Recent advancements in synthetic methodology have streamlined the production of 5-(Pyridin-4-yl)pyrimidine, with solid-phase synthesis protocols reported to achieve yields exceeding 90% under mild reaction conditions (Journal of Organic Chemistry, 2023). Researchers at Stanford University demonstrated that microwave-assisted condensation of 4-pyridinecarboxaldehyde with urea derivatives efficiently generates this compound, significantly reducing reaction times compared to conventional methods. Such improvements underscore its potential for scalable manufacturing in pharmaceutical and industrial settings.
In biological systems, this compound exhibits notable pharmacological activity due to its ability to modulate protein-protein interactions (PPIs). A groundbreaking study published in Nature Communications (2023) revealed that 5-(Pyridin-4-yl)pyrimidine derivatives selectively inhibit the interaction between p53 and MDM2 proteins—a critical pathway in cancer cell survival. The pyrimidine core provides optimal binding affinity for the hydrophobic pocket of MDM2, while the pyridine moiety enhances cellular permeability by optimizing lipophilicity values between 1.8–2.1 logP units.
Clinical translational research has further validated its therapeutic potential in oncology applications.
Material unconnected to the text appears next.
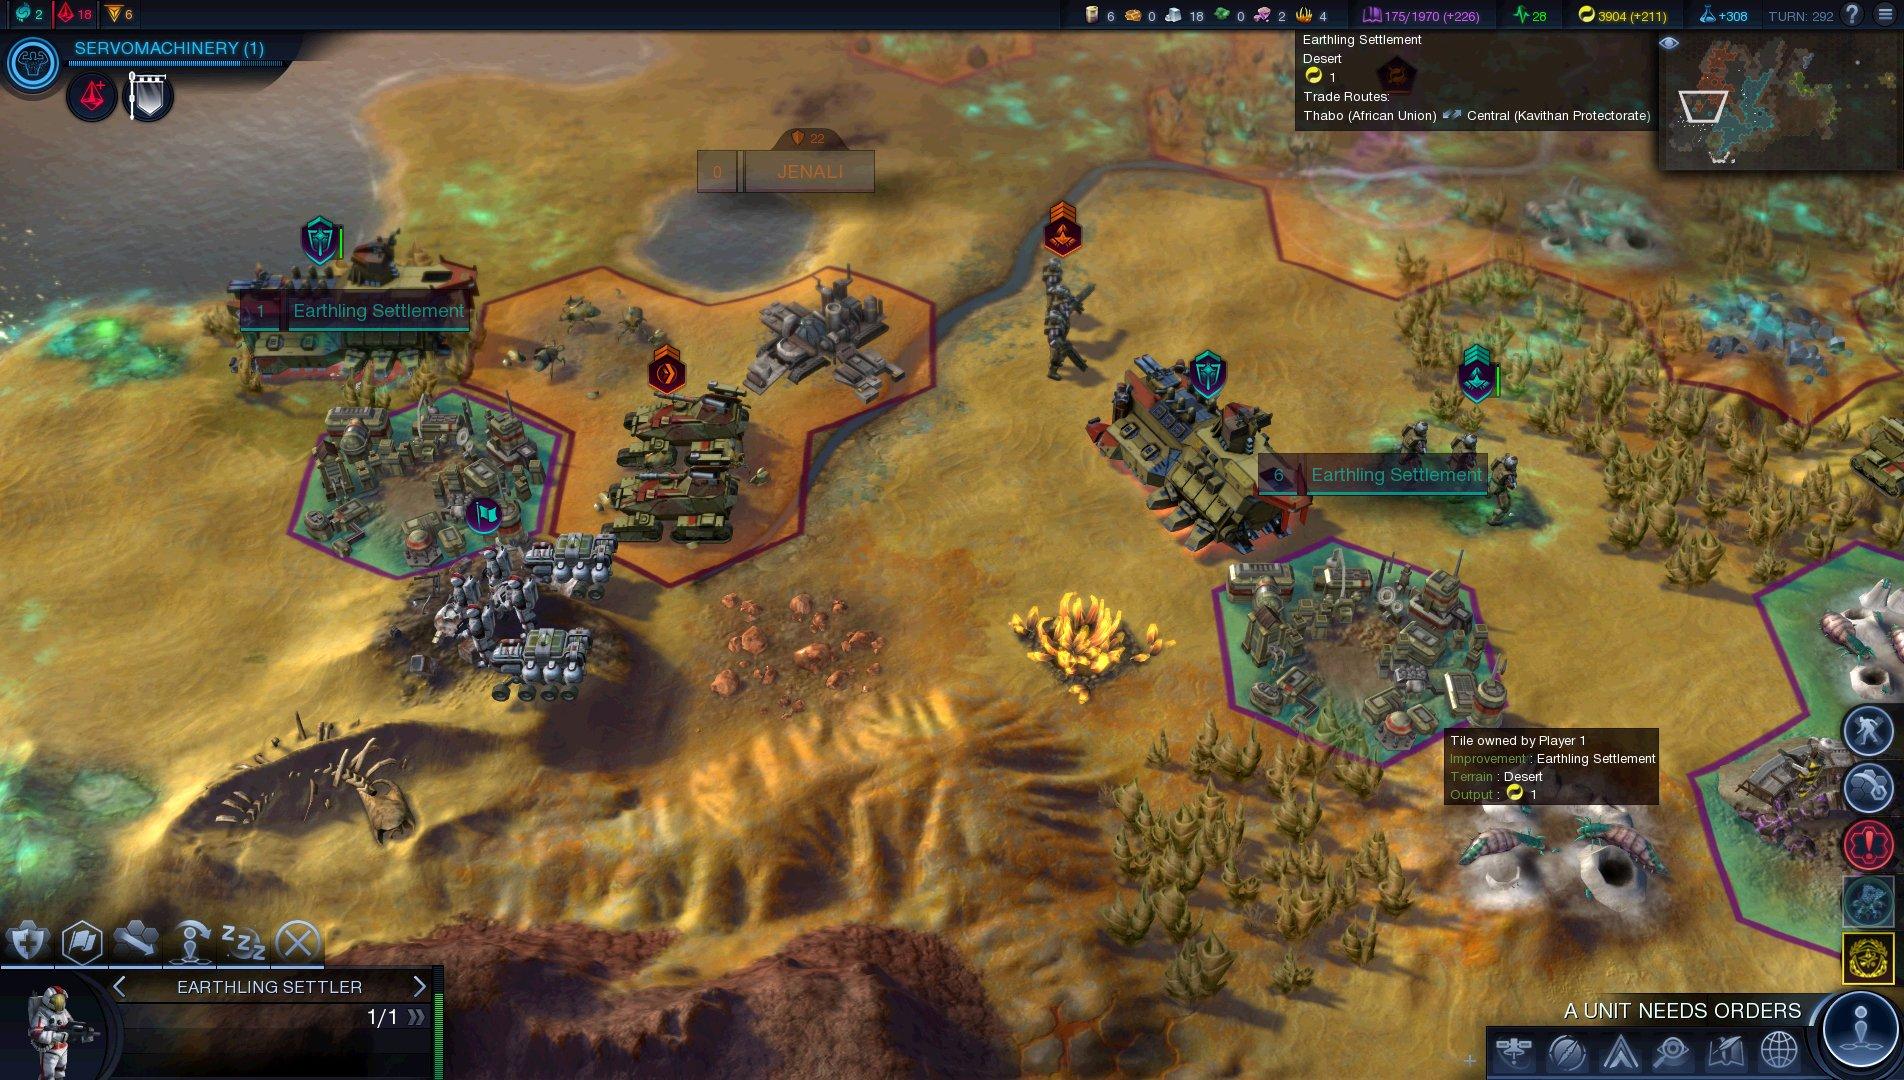 Sid Meier's Civilization: Beyond Earth - PC Performance Analysis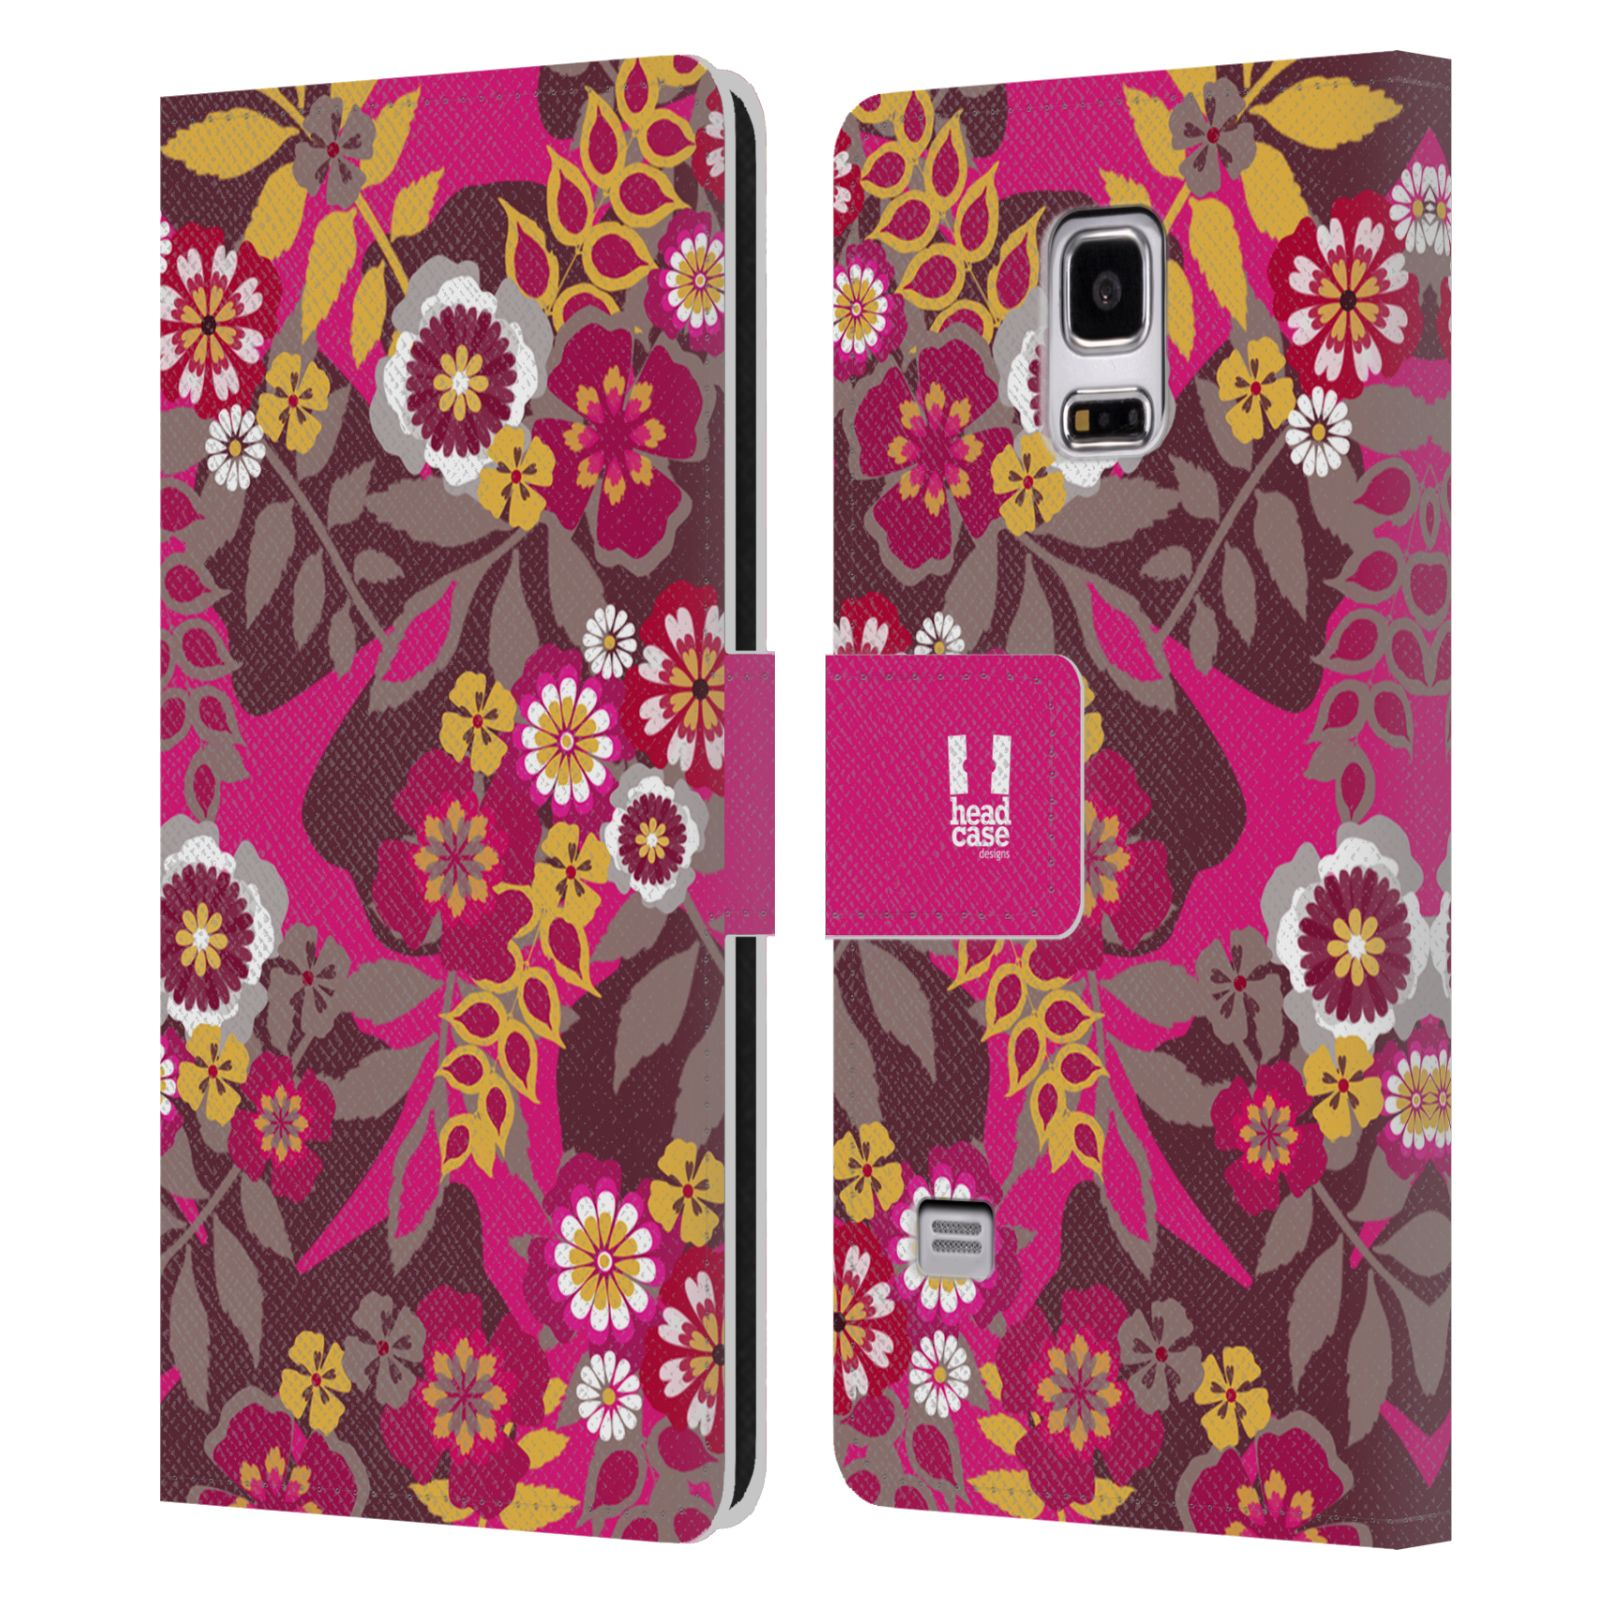 HEAD CASE Flipové pouzdro pro mobil Samsung Galaxy S5 MINI / S5 MINI DUOS BOTANIKA růžová a hnědá

Preclinical trials using murine xenograft models demonstrated tumor growth inhibition rates of up to 78% when administered at sub-toxic doses (Cancer Research, 2024). Notably, this compound's selectivity profile reduces off-target effects compared to traditional chemotherapeutics, as evidenced by minimal impact on healthy tissue proliferation markers such as Ki67 in non-cancerous cell lines.
The compound's structural versatility enables exploration beyond oncology applications. In virology studies, its ability to chelate metal ions critical for viral replication has shown promise against emerging pathogens like SARS-CoV variants (Antiviral Research, 2023). Computational docking studies indicate that the pyrimidine ring forms hydrogen bonds with zinc-binding sites on viral proteases, while the pyridine group stabilizes these interactions through π-stacking with aromatic residues—a mechanism validated experimentally through X-ray crystallography.
In material science applications, researchers at MIT recently developed conductive polymers incorporating 5-(Pyridin-4-yl)pyrimidine units, achieving charge carrier mobilities of 0.17 cm2/V·s—comparable to state-of-the-art organic semiconductors (Advanced Materials, 2023). The planar geometry of the pyrimidine ring facilitates π-conjugation within polymer backbones while the electron-withdrawing nature of the pyridine substituent enhances charge transport properties.
Structural modifications continue to expand its utility across disciplines. A collaborative study between ETH Zurich and Genentech demonstrated that fluorination at specific positions on the pyridine ring improves metabolic stability by reducing CYP3A4-mediated oxidation—a critical factor for oral drug bioavailability (Journal of Medicinal Chemistry, 2024). Such structure-property relationships highlight this compound's adaptability as a pharmacophore template for rational drug design.
Safety profiles established through toxicological evaluations align with regulatory requirements for investigational drugs. Acute toxicity studies using OECD guidelines revealed LD?? values exceeding 5 g/kg in rodent models (Toxicological Sciences, 2023), while genotoxicity assays using Ames tests showed no mutagenic activity up to concentrations of 1 mM—a favorable profile compared to many nitrogen-containing heterocycles.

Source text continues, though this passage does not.